SBZ: Eu fui procurado pelo Márcio Braga [presidente do Flamengo] para a criação do Conselho de Clubes Formadores de Atletas, e uma das coisas que mais nos chateia é a total desconsideração do Comitê Olímpico para os clubes. De todos os atletas que foram para a Olimpíada de Pequim, 77% eram de clube. Só o Pinheiros tinha mais de 30 e o Minas mandou 12. O presidente do Pinheiros pediu uma credencial para ver um atleta dele. Não pediu passagem, hospedagem, nem nada. Só o ingresso. A resposta era que a credencial era só para autoridade. Quando volta de lá, ninguém fala no clube. Quem paga o Thiago [Pereira, nadador que ganhou oito medalhas no Pan de 2007]? Sou eu. Alguém falou do Minas? Eu até falei com o Galvão Bueno [narrador da Rede Globo] quando fui jantar com ele no Rio de Janeiro na época do Pan. ?Que história é essa de falar que ele é o menino de Volta Redonda? Ele é do Minas desde que tem 12 anos!? Essa é uma situação que acontece. Nós somos alijados, e somos parte da estrutura esportiva. O Márcio Braga foi ao COB pedir apoio, porque a situação dos esportes olímpicos lá está complicada, e ouviu que teria de esquecer porque o COB não acredita em clube no Brasil. Isso não vem de hoje. Acabaram de fazer uma festa para os atletas, e nós nem fomos convidados. Eu fui contemporâneo do [Carlos Arthur, presidente do COB] Nuzman no vôlei, então conheço ele e não é de hoje. Sempre tive bom relacionamento, e de uns tempos para cá ele começou a ignorar os clubes.
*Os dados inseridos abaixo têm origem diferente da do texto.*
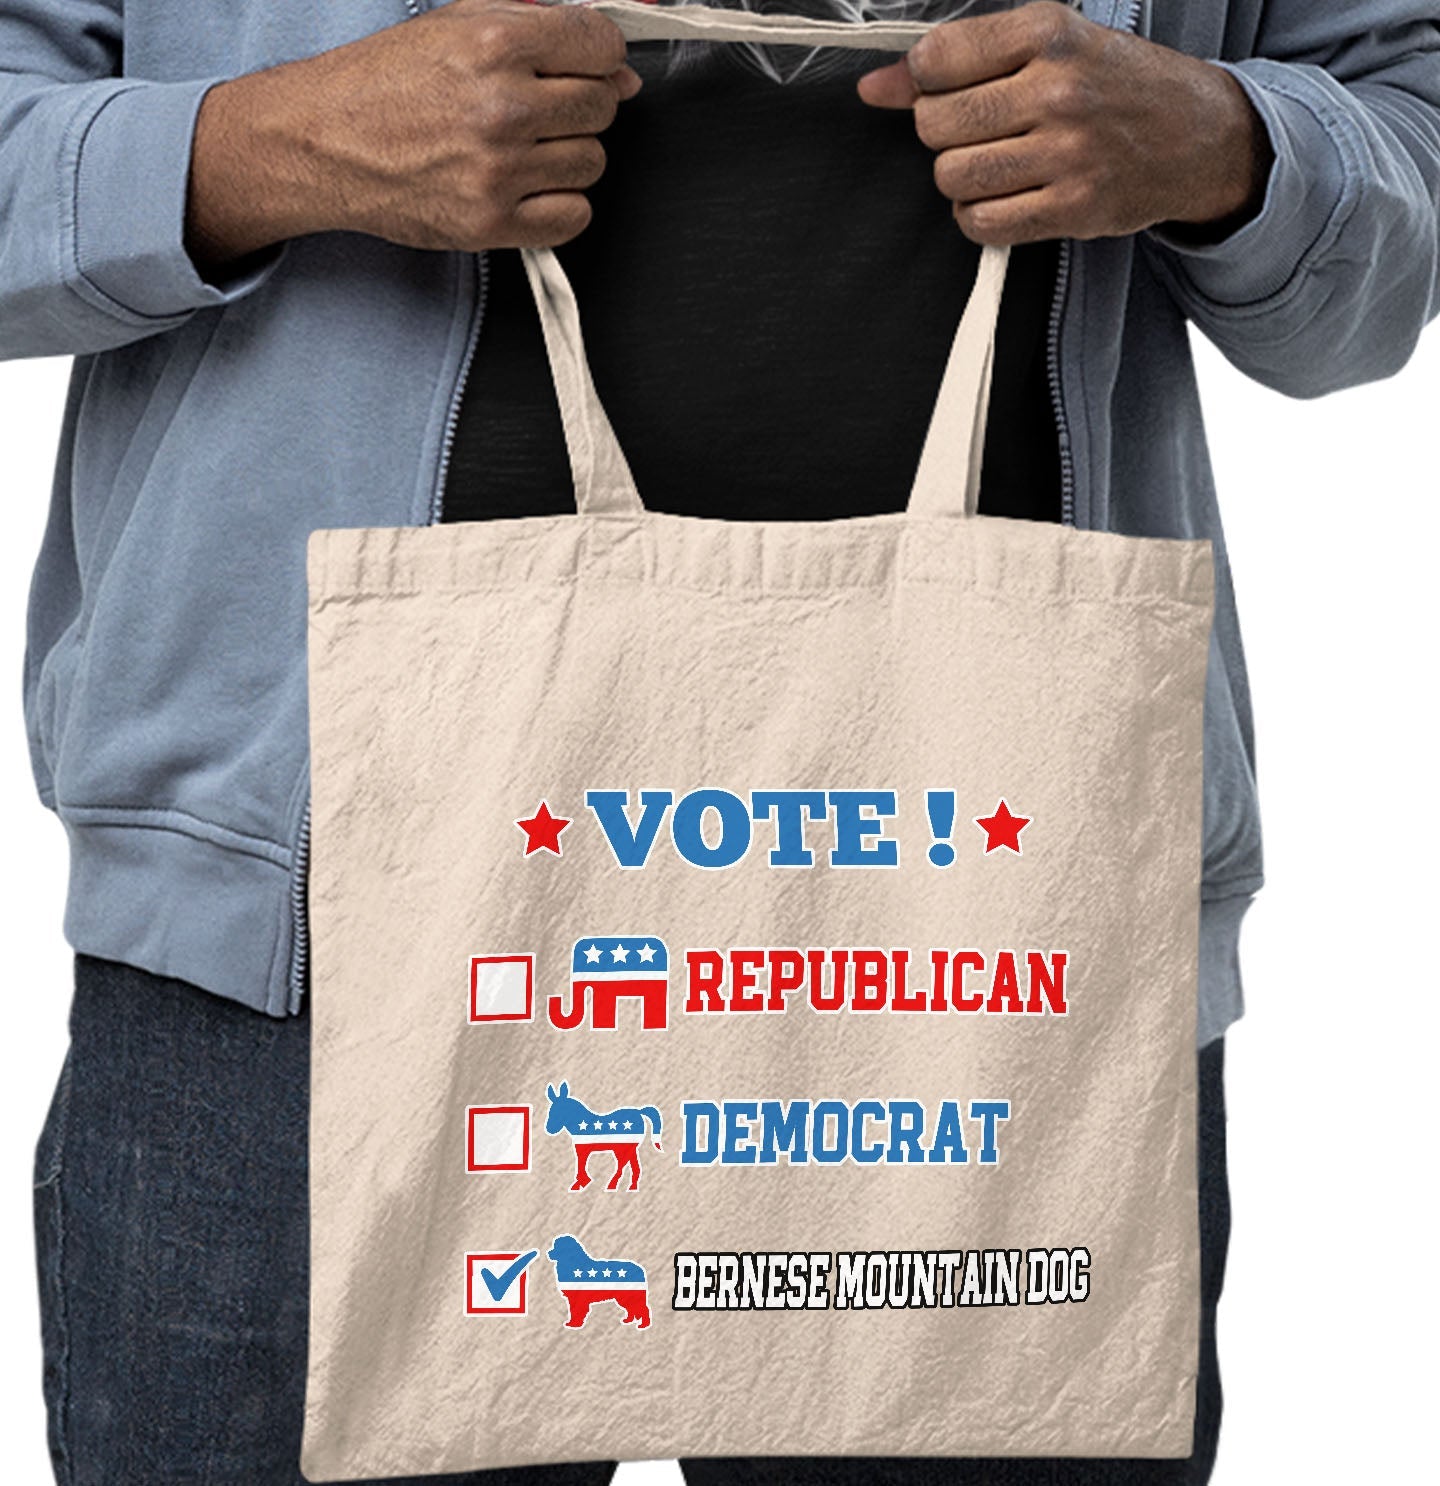 Vote for the Bernese Mountain Dog - Cotton Canvas Tote

ME: E o que poderia ser modificado nesse panorama?

SBZ: Nós queremos falar que nós somos os responsáveis pela formação. Essa história de que escola forma atleta é brincadeira, porque eles não têm estrutura. Nós somos os grandes responsáveis e não somos reconhecidos por isso. Nós queremos participar dessa história. Porque todo o dinheiro vai para o COB e não vem nada para a gente? O Flamengo, por exemplo, está em um sufoco danado e é dono da maior história olímpica do Brasil, com o maior número de atletas olímpicos de todos os tempos, segundo eles mesmos. Quem é que vai fazer esporte nesse país? Essa é a grande miopia. Eu já escrevi um artigo questionando a política de esporte do país, que simplesmente não existe. O esporte tem demonstrado para todo mundo que é importante. Só que antigamente não tinha dinheiro, e agora tem. E foi pior que Atenas em termos de medalhas. Agora, quem está trabalhando aqui embaixo não ganha nada e nem é reconhecido. Quem trabalha na base, por enquanto, são os clubes. Hoje, até existem algumas universidades como a Ulbra e a Unisul que estão no alto rendimento, mas formação ainda é com a gente. Não tem nada a ver com a confederação.